Figure 3: — Implicit times of a-waves (A) and b-waves (B) and their respective amplitudes (C, D) and the subsequent b/a ratio of the a- and b-wave amplitudes (E) were determined for 4 month-old (closed circles) and 11-month old (open circles) DBA/2 mice.

11-month old DBA/2 mice had significantly higher b/a ratios (Fig. 3E) for standard rod-cone (2.176 ± 0.104, p<0.05) and hi rod-cone (2.078 ± 0.091, p<0.05) compared to four-month old mice (1.878 ± 0.071 and 1.816 ± 0.071, respectively).

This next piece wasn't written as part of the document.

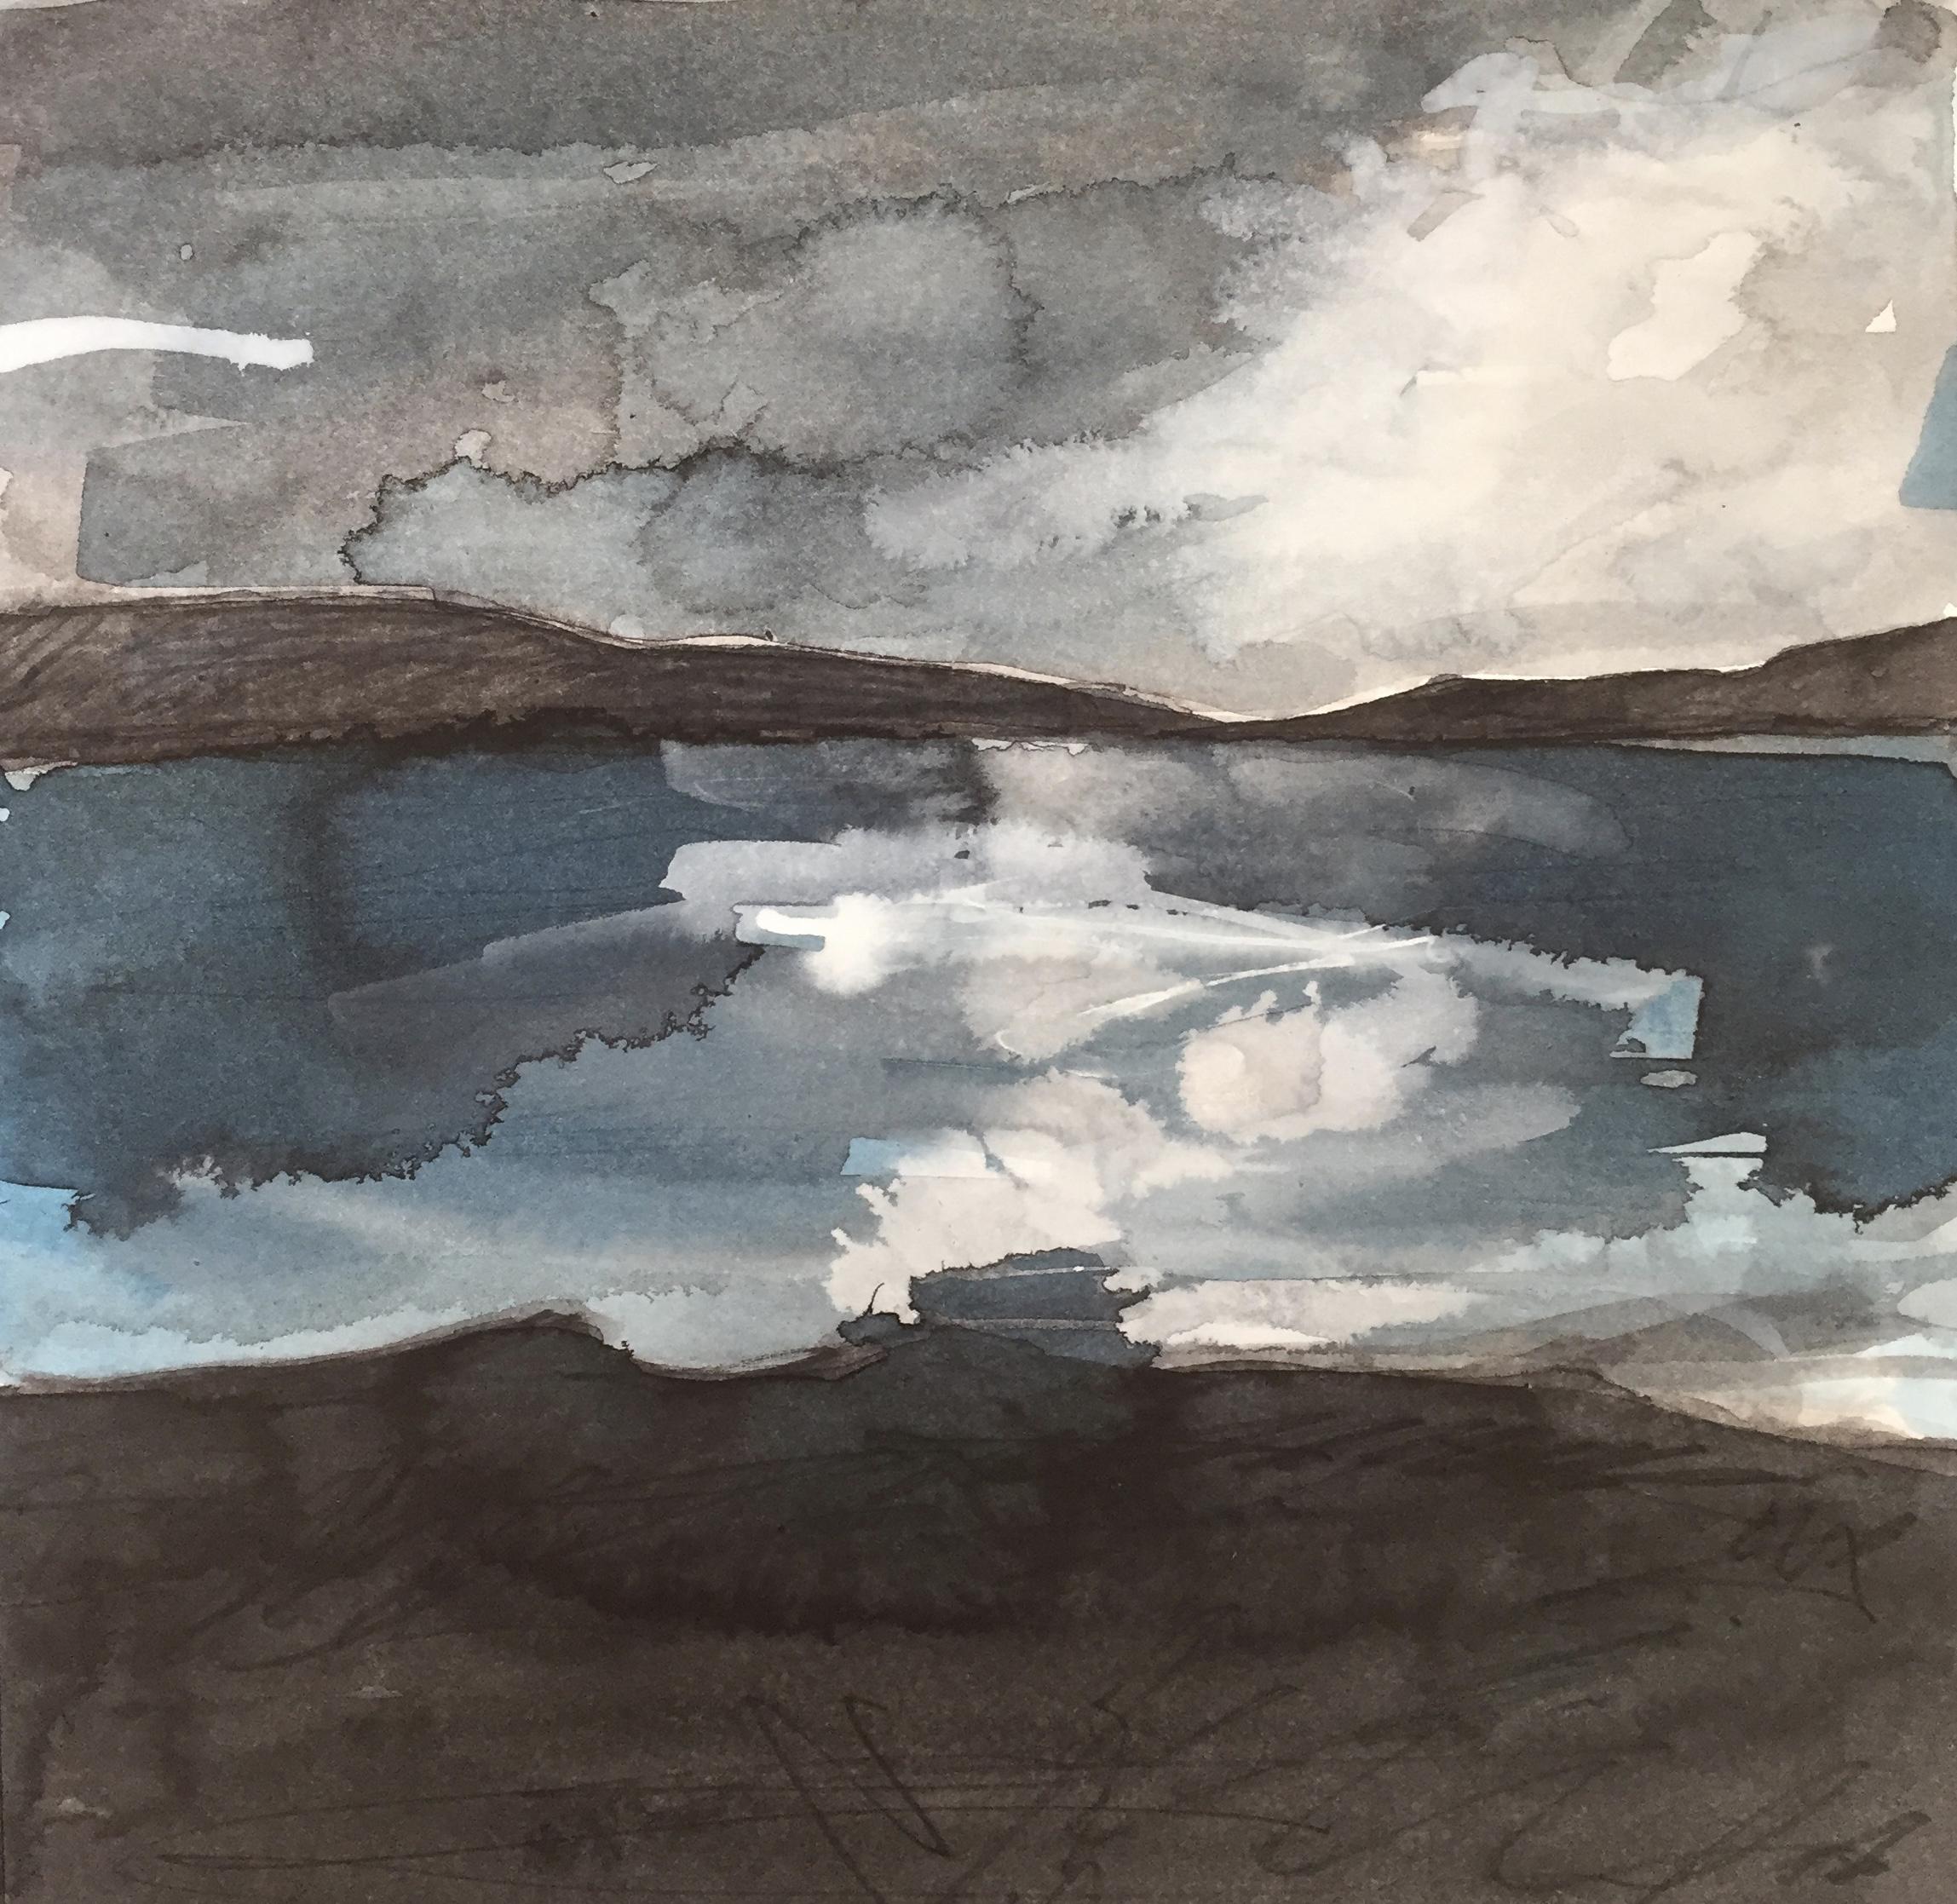 Loch na Keal 02 Winter Light

11-month old DBA/2 mice show deficits in fERG responses to varying flash intensities

Scotopic amplitudes (Fig. 4A) for the fERG flash intensity series (Fig. 2D, 4A, C, and E) were significantly decreased in 11-month old a-waves (−1 – 1.5 log cd·s/m², p<0.001) and b-waves (−2.5—2, −0.5, 0.5–1.5 log cd·s/m², p<0.05–0.0001) flash intensities compared to four-month old DBA/2 mice. Stimulus-response non-linear regression analysis show that maximal response (V_max) parameters are significantly lower in 11-month old scotopic a-wave (263.8 ± 21.3µV, p<0.0001) and b-wave (606.6 ± 29.5µV, p<0.01) amplitudes compared to four-month old mice (501.8 ± 8.8µV and 916.9 ± 87.2µV, respectively). Eleven month old mice had a significantly steeper slope (n) for scotopic a-wave (0.99 ± 0.07) and b-wave (0.55 ± 0.02) compared to four-month old mice (0.65 ± 0.03 and 0.40 ± 0.04, respectively). Scotopic a- and b-wave implicit times remained largely unchanged, except for the a-wave implicit time at −2 log cd·s/m².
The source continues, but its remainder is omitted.